Она достала из сумочки носовой платок и протянула ему.

Абдулла отмахнулся.

– Пожалуйста, не надо, – сказал он хрипло.

Она присела рядом с ним на корточки, подняла очки на макушку. В глазах у нее тоже стояла влага, она промокнула их платком, и на нем остались черные кляксы.

– Ты меня терпеть не можешь, но я тебя за это не виню. Имеешь право. Но – хоть я и не жду от тебя понимания прямо сейчас – все к лучшему. Правда, Абдулла. К лучшему. Однажды поймешь.

Абдулла вскинул лицо к небу и заревел, но тут прискакала Пари – глаза истекали благодарностью, а лицо сияло счастьем.

Однажды утром в ту зиму отец взял топор и срубил большой дуб. Байтулла, сын муллы Шекиба, и еще несколько мужчин пришли помогать. Никто не пытался вмешиваться. Абдулла и другие мальчишки стояли и смотрели. Отец первым делом снял качели. Залез на дерево и перерезал веревки ножом. А потом он и остальные до самого вечера кромсали ствол, и здоровенное дерево с тяжким стоном наконец рухнуло. Отец сказал Абдулле, что им нужны дрова на зиму. Но на старое дерево он замахивался с ожесточением, сцепив зубы, а лицо его накрыло тучей, будто не мог он больше смотреть на этот дуб.

И вот уж под каменноцветным небом мужчины рубили поваленный ствол, носы и щеки раскраснелись от мороза, стук топоров по дереву отдавался гулким эхом. Абдулла отламывал мелкие ветки от тех, что побольше. Первый снег выпал два дня назад. Немного – пока что, но в обещание грядущего. Вскоре зима опустится на Шадбаг, – зима с ее сосульками и недельными снежными наметами, ветрами, от которых кожа на руках трескалась в одну минуту. А пока лишь слегка забелило, и отсюда до крутых горных отрогов виднелись бледно-бурые прогалины земли.

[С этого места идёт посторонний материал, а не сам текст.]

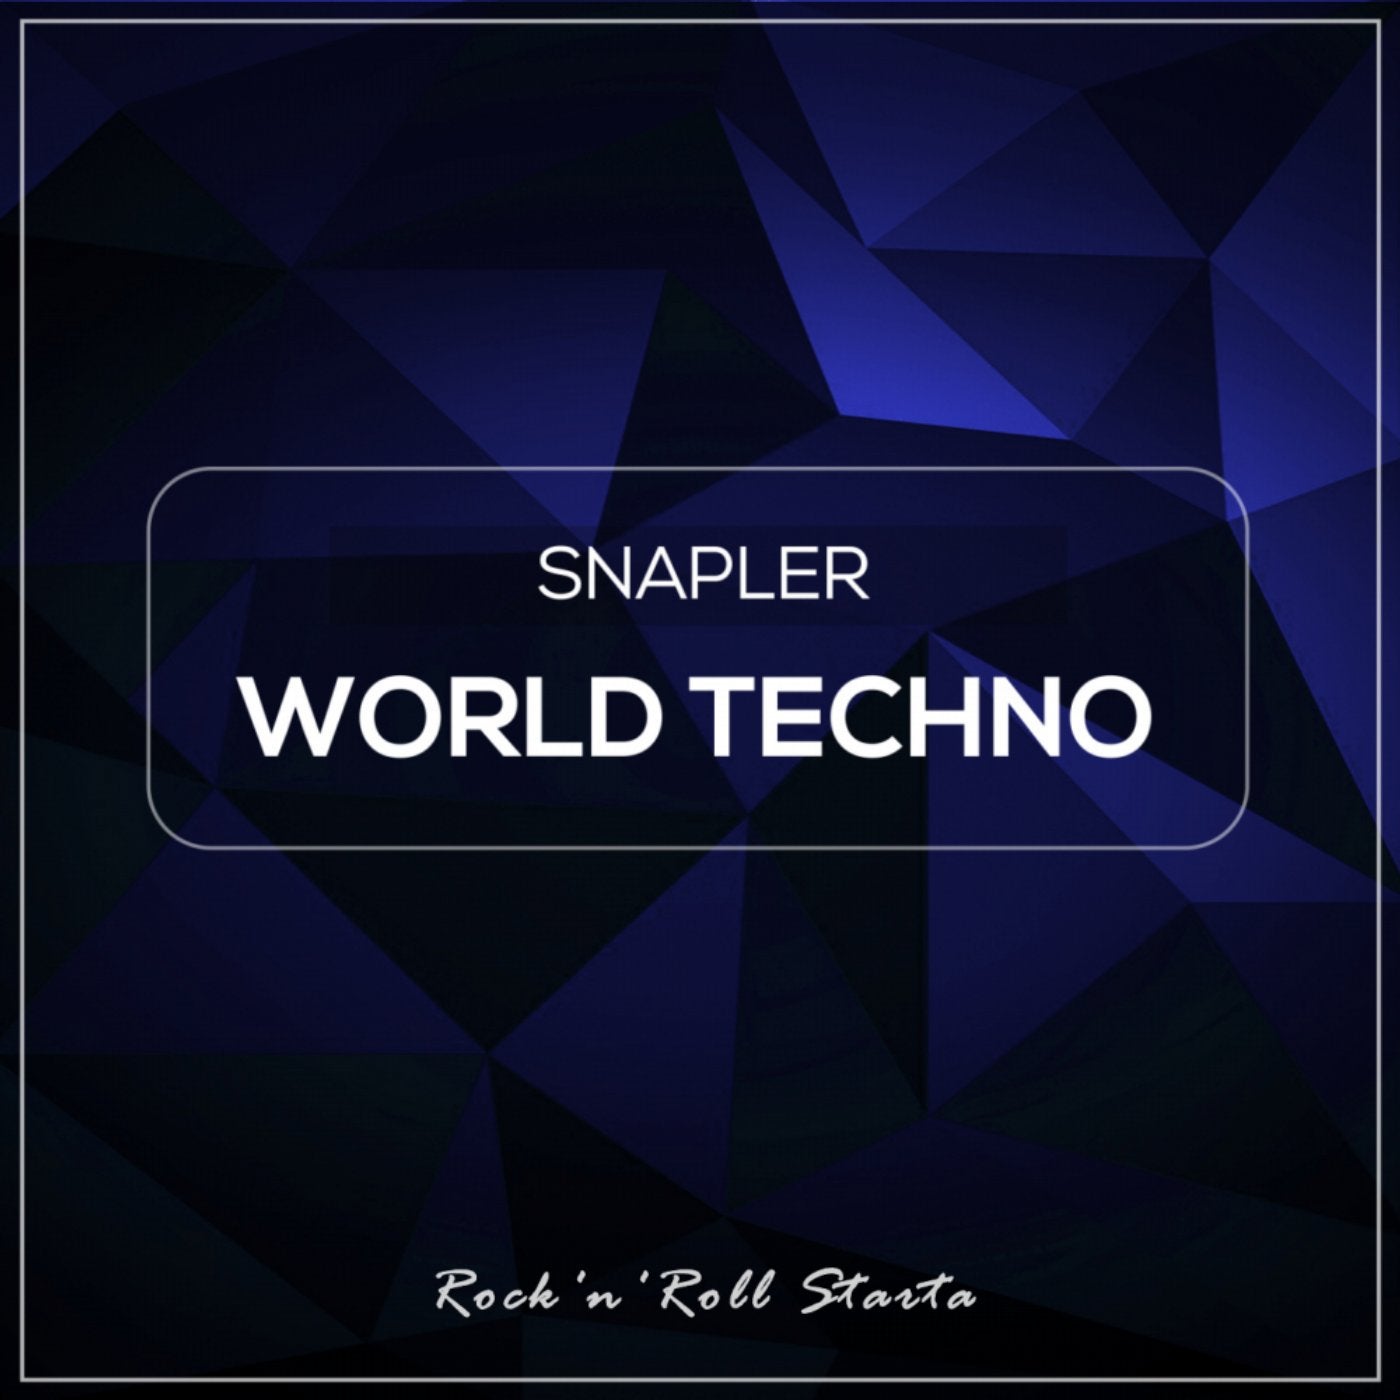 World Techno

Абдулла сгреб охапку тонких веток и отнес их к растущей общей куче. На нем были новые зимние ботинки, перчатки и зимнее пальто. С чужого плеча, но – кроме сломанной молнии, которую отец починил, – почти как новенькое, утепленное, темно-синее, с оторочкой из рыжего меха внутри. На пальто – четыре глубоких кармана, которые закрывались и открывались, и тканевый капюшон, который можно стянуть вокруг лица, если дернуть за шнурки. Абдулла сбил капюшон назад и длинно, мглисто выдохнул.

Солнце падало к горизонту. Абдулла все еще мог разглядеть старую серую мельницу, окоченело нависавшую над глинобитными стенами деревни. Мельницу обжили голубые цапли, но это летом, а сейчас, зимой, цапли улетели и вселились вороны. Каждое утро Абдулла просыпался под их вяканье и хриплый грай.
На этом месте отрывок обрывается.